Today, around 60 million Americans book travel through their mobile devices. This will grow by 45% to over 86 million by 2019. Mobile travel sales will see similar growth—from $65 million this year to nearly $95 million by 2019.
But this isn’t an American phenomenon, not by a long shot. Last year, TripAdvisor announced that the U.S. ranked eighth in a Top 10 list of countries with “connected travelers,” or consumers who use mobile devices to plan or book a trip. Countries such as Thailand, China, Indonesia, Brazil, Malaysia and Spain all had much higher percentages of mobile-centric travelers than the U.S.
But as mobile-minded as most global travelers are, businesses within the travel industry are struggling to serve them in authentic ways. They’re bleeding out on opportunity, some experts say.
“The most storied players in online travel—the ones who built multibillion-dollar businesses off the back of search—aren’t keeping pace with the mobile-first traveler. Not even close,” wrote Travis Katz, CEO for travel site Gogobot. “In fact, many companies are so far behind that without a radical change in course, they’re unlikely to catch up at all.”
This is bad news for travel-related businesses … especially ones that want to expand and serve international customers online.
Mobile: Where the Action Is
Companies that haven’t adapted are already choking on the dust of their pro-active competitors. When it comes to mobile-based booking and research, the industry has already hit a tipping point. Nearly 52% of U.S. digital consumers are now booking trips through their mobile devices, one study said. That represents a year-over-year increase of over 18%.
Last year, mobile represented about 30% of all digital travel sales; this will blossom to 46% in just three years. Nearly 75% of Americans are now conducting travel-related research on their mobile devices too, the study said.
Smartphones have become especially useful for making 11th hour travel arrangements. Nearly one-third of business and leisure travelers use their mobile devices to make last-minute bookings.
Companies within the industry are investing heavily to convince customers to embrace online direct booking, particularly through mobile apps and the mobile web. According to one study, 20% more consumers have downloaded booking-site apps in 2016 than compared to last year. As a result, direct bookings are higher than ever. During the past year, app-based bookings rose from just over one-third of users to nearly one-half, the study said.
Hotels, for instance, are doubling down on direct bookings. A recent Hilton international marketing campaign incentivized customers to sign up for the company’s loyalty program by offering the lowest-possible rates when booking via its smartphone app or website.
According to Hilton’s leadership, these channels now account for 25% of its business.
“The business we’ve received through web direct is higher than it’s ever been, and is growing faster than ever…,” Hilton’s CEO told travel news site Skift. “ (B)usiness generated from our mobile app is up nearly 150% year-over-year with downloads exceeding 70,000 a week, an increase of 200% over last year.”

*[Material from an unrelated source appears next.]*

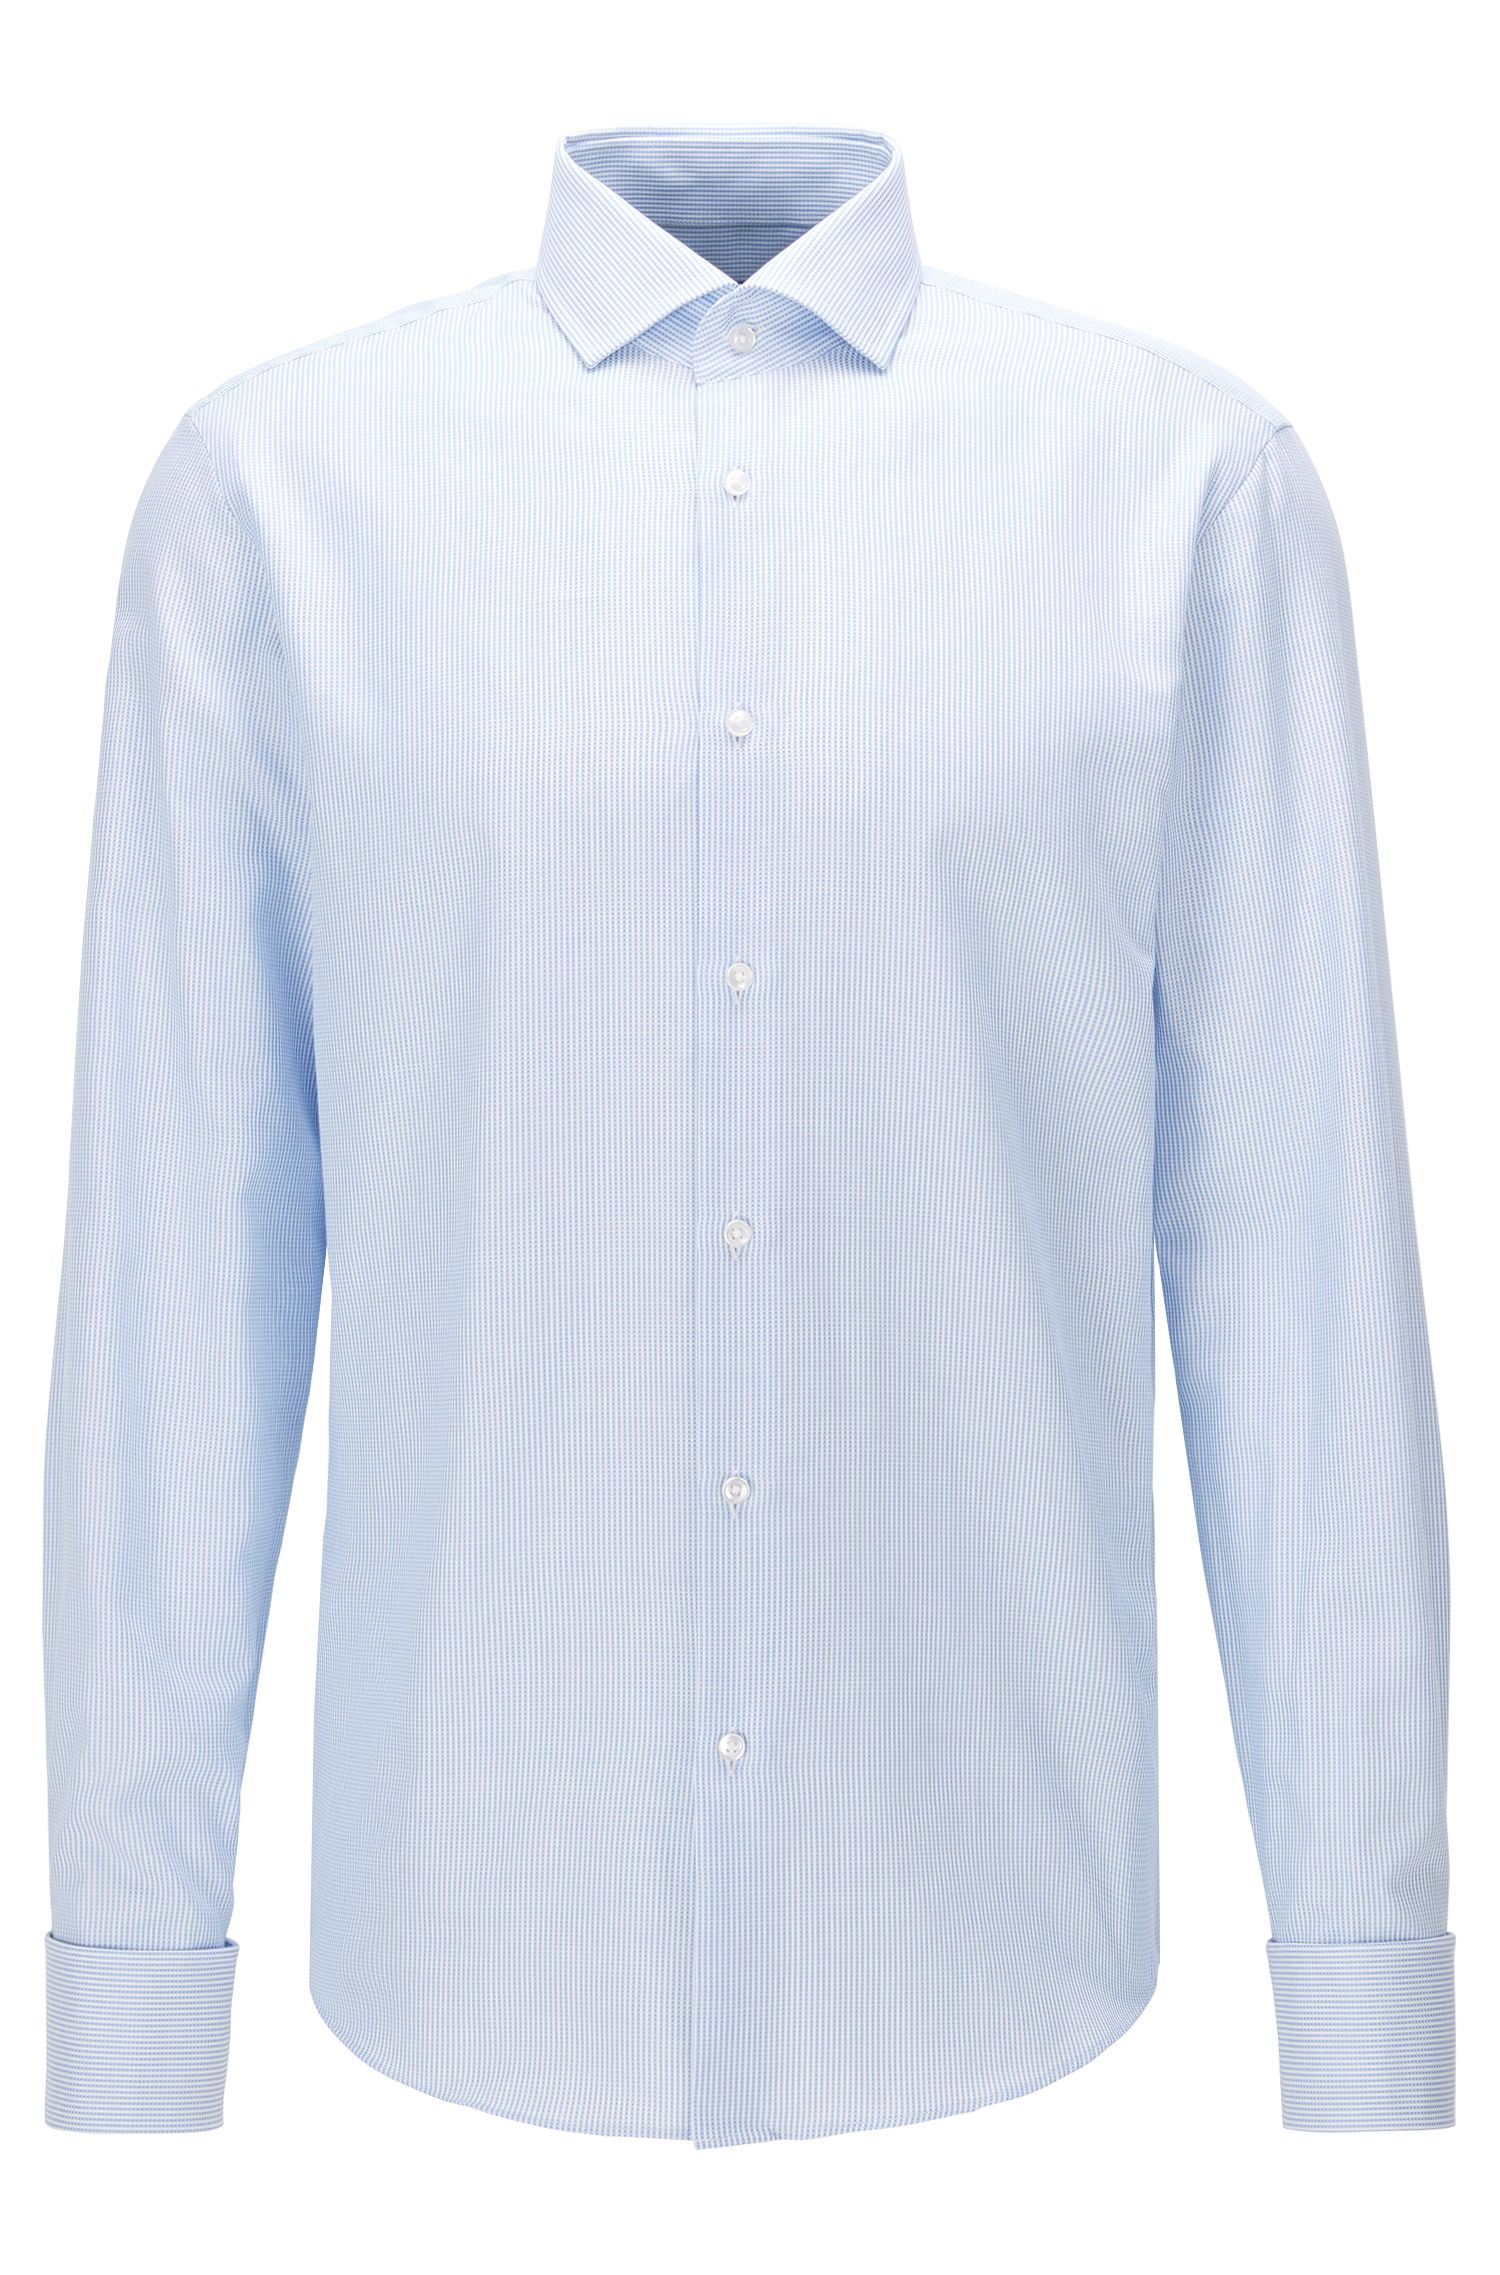 Dobby Cotton Dress Shirt, Regular Fit | Gardner

This extraordinary shift in how consumers are researching and booking travel represents a huge opportunity for companies within the industry—particularly those that want to serve consumers in global markets.
Exclusive Insights on the Mobile Opportunity
According to Google, mobile conversion rates on travel sites grew nearly 90% between 2014 and 2015. Time on-site dropped by 7%, a good thing, thanks to customers’ ability to quickly find what they’re looking for. MotionPoint’s data and experience jibe with these findings, says Erdem Tokmakoglu, a Global Online Strategist with our Global Growth team. Historically, consumers have used their nearest device to begin travel-related research (often their smartphones), and then move to desktop PCs to complete the booking.
“That means it’s very important to remove any unnecessary steps from the process to improve mobile-based conversions,” Erdem explains. “For instance, make mobile checkout as easy as a one-click purchase. to remove the transition from mobile to desktop in order to keep the user’s attention.”
This tactic works. Using such approaches, the share of mobile bookings grew by more than 20% within a four-month period earlier this year, independent research suggests.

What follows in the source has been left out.